In our Applied work, we are applying fixed models to influence clinical care decisions. One example is the project I mentioned above, where we used machine learning to increase rates of serious illness conversations (with Christopher Manz, Justin Bekelman, and Mitesh Patel). That has spawned a new line of work (with Justin Bekelman and Sam Takvorian) where we work with community-based partners to develop algorithm-based solutions to increase palliative care utilization and improve end-of-life care. In a similar project with Carmen Guerra, we are using machine learning algorithms to identify patients at high-risk of colorectal cancer to target navigation programs that can help patients get their colonoscopies. Finally, we are using a technique called natural language processing that can scour millions of lines of unstructured text in the electronic health record to identify a patient’s likelihood of being eligible for a clinical trial, which may help improve the efficiency of clinical research coordinators’ jobs and improve equity in clinical trial enrollment.
How could a government entity or business work with the HACLab?
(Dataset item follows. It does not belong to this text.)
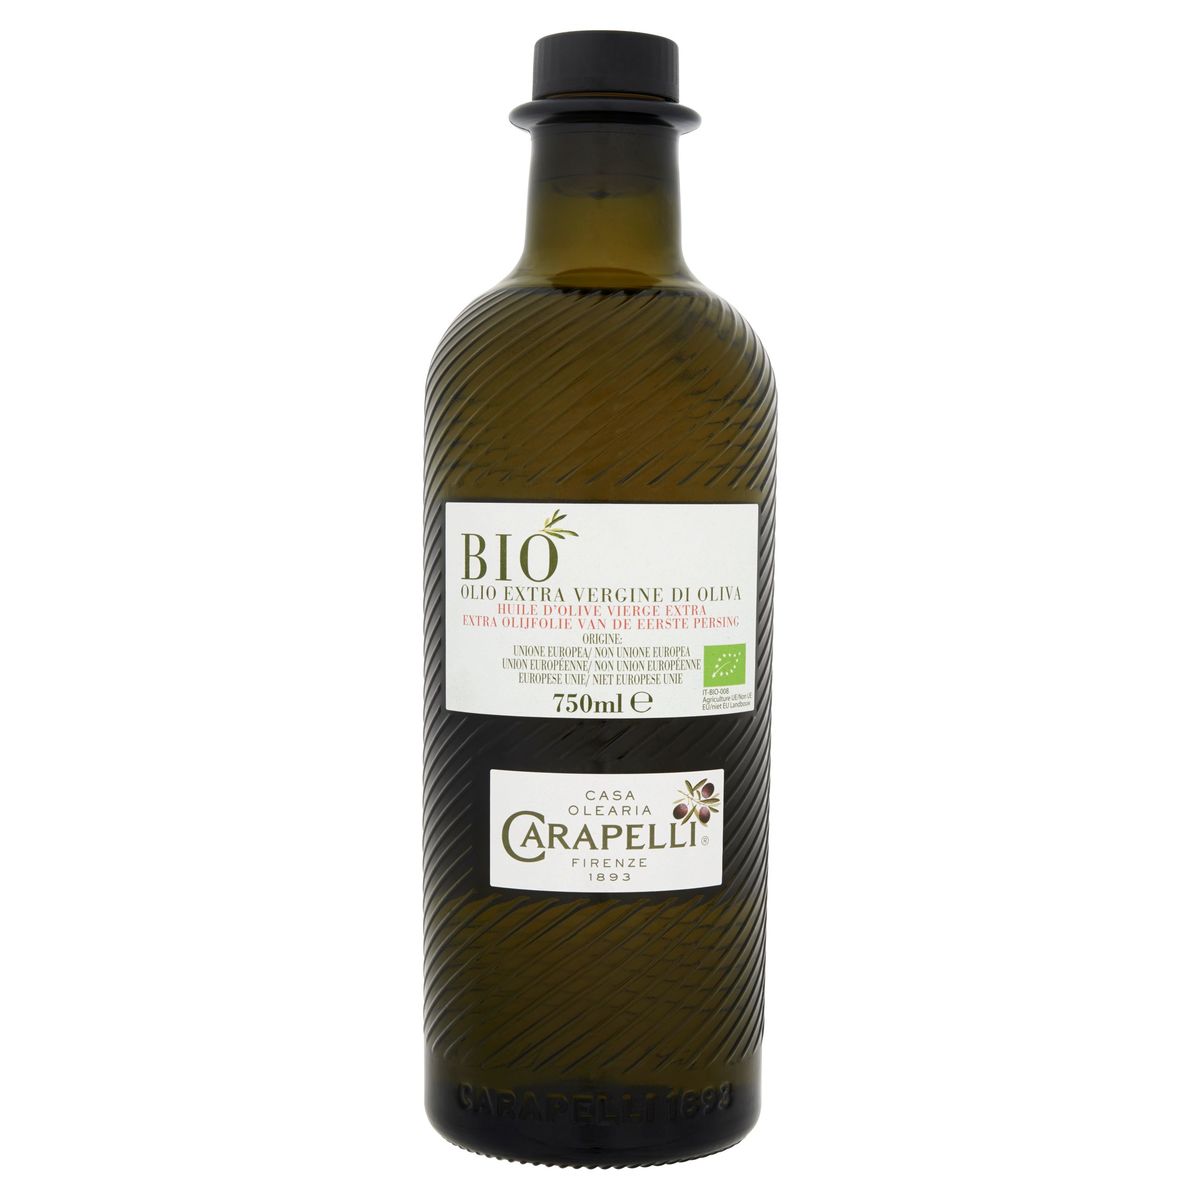 Carapelli Bio Huile d'Olive Vierge Extra 750 ml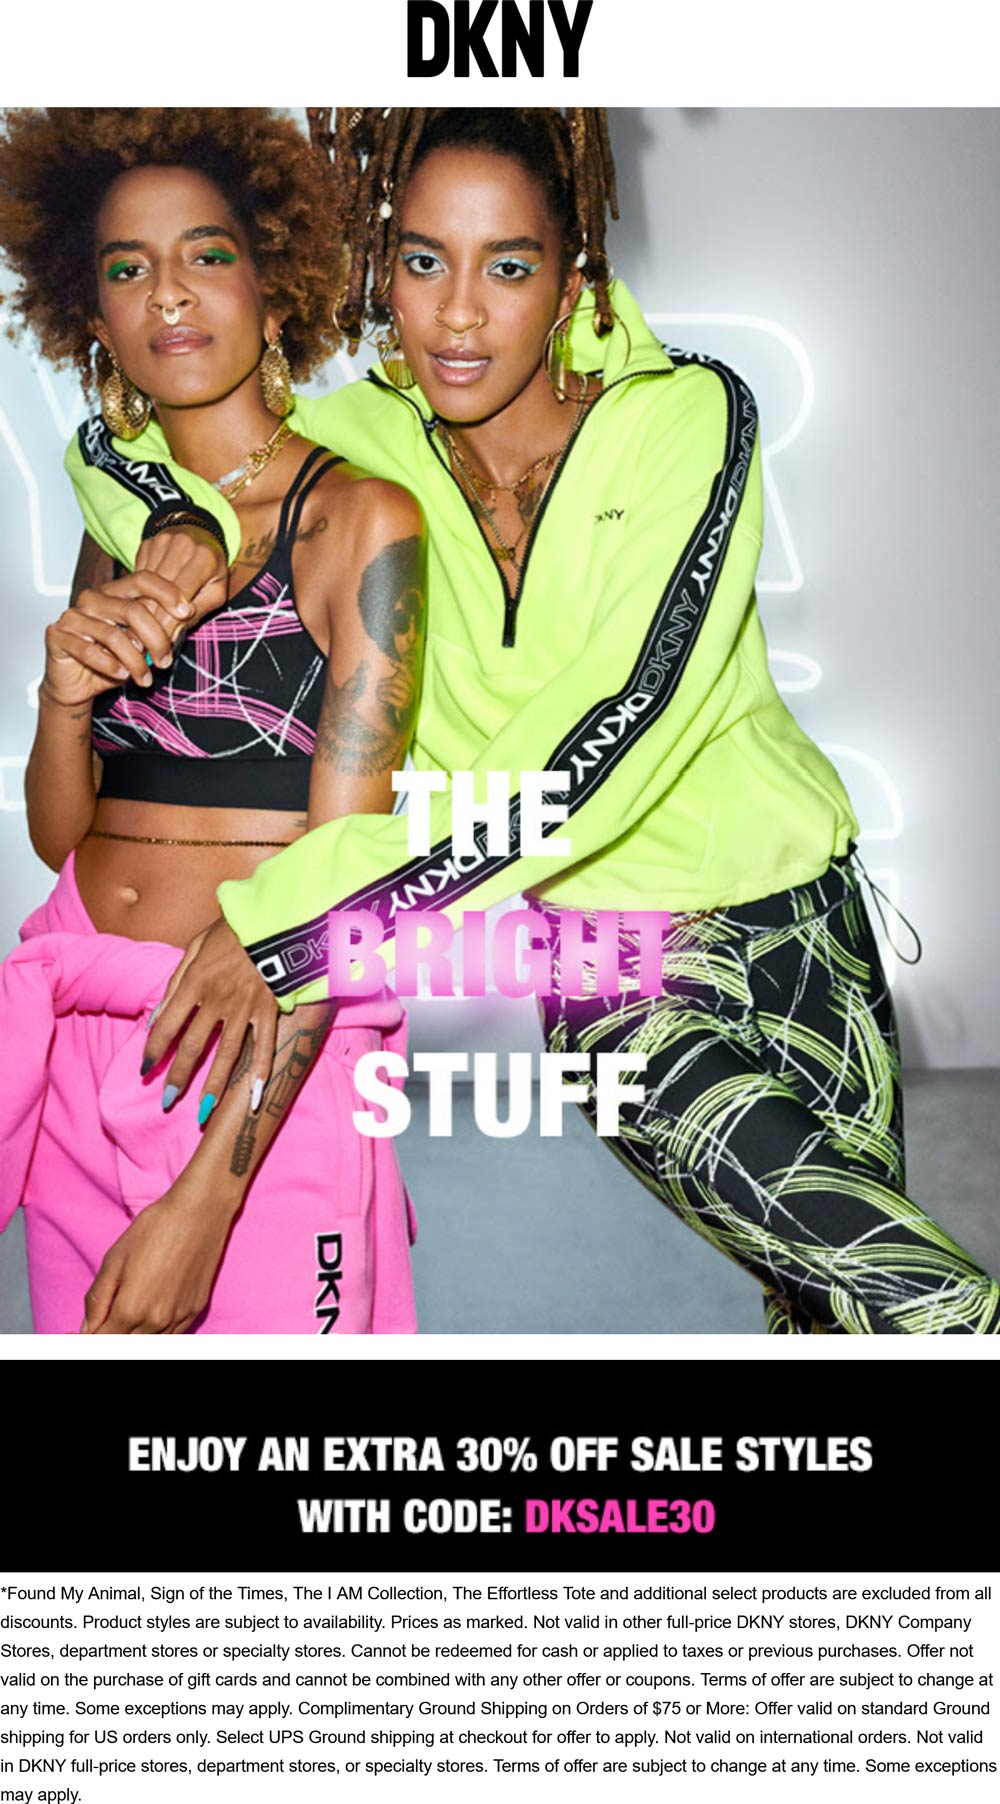 DKNY stores Coupon  Extra 30% off sale styles at DKNY via promo code DKSALE30 #dkny

By reaching out to us at our email (email@example.com) or contacting us via our website or social media. Many of our collaborations are with industry partners who want to test their algorithm in a rigorous trial or use machine learning to improve the efficiency of an operation. We are interested in having conversations with industry and government entities in addition to help shape regulation, bias, liability, and reimbursement considerations around AI and machine learning in healthcare.
What are some upcoming events planned for HACLab?
We have weekly lab meetings and quarterly get-togethers as a lab. We’d love more ideas of how our lab can collaborate with other groups in formal and informal settings!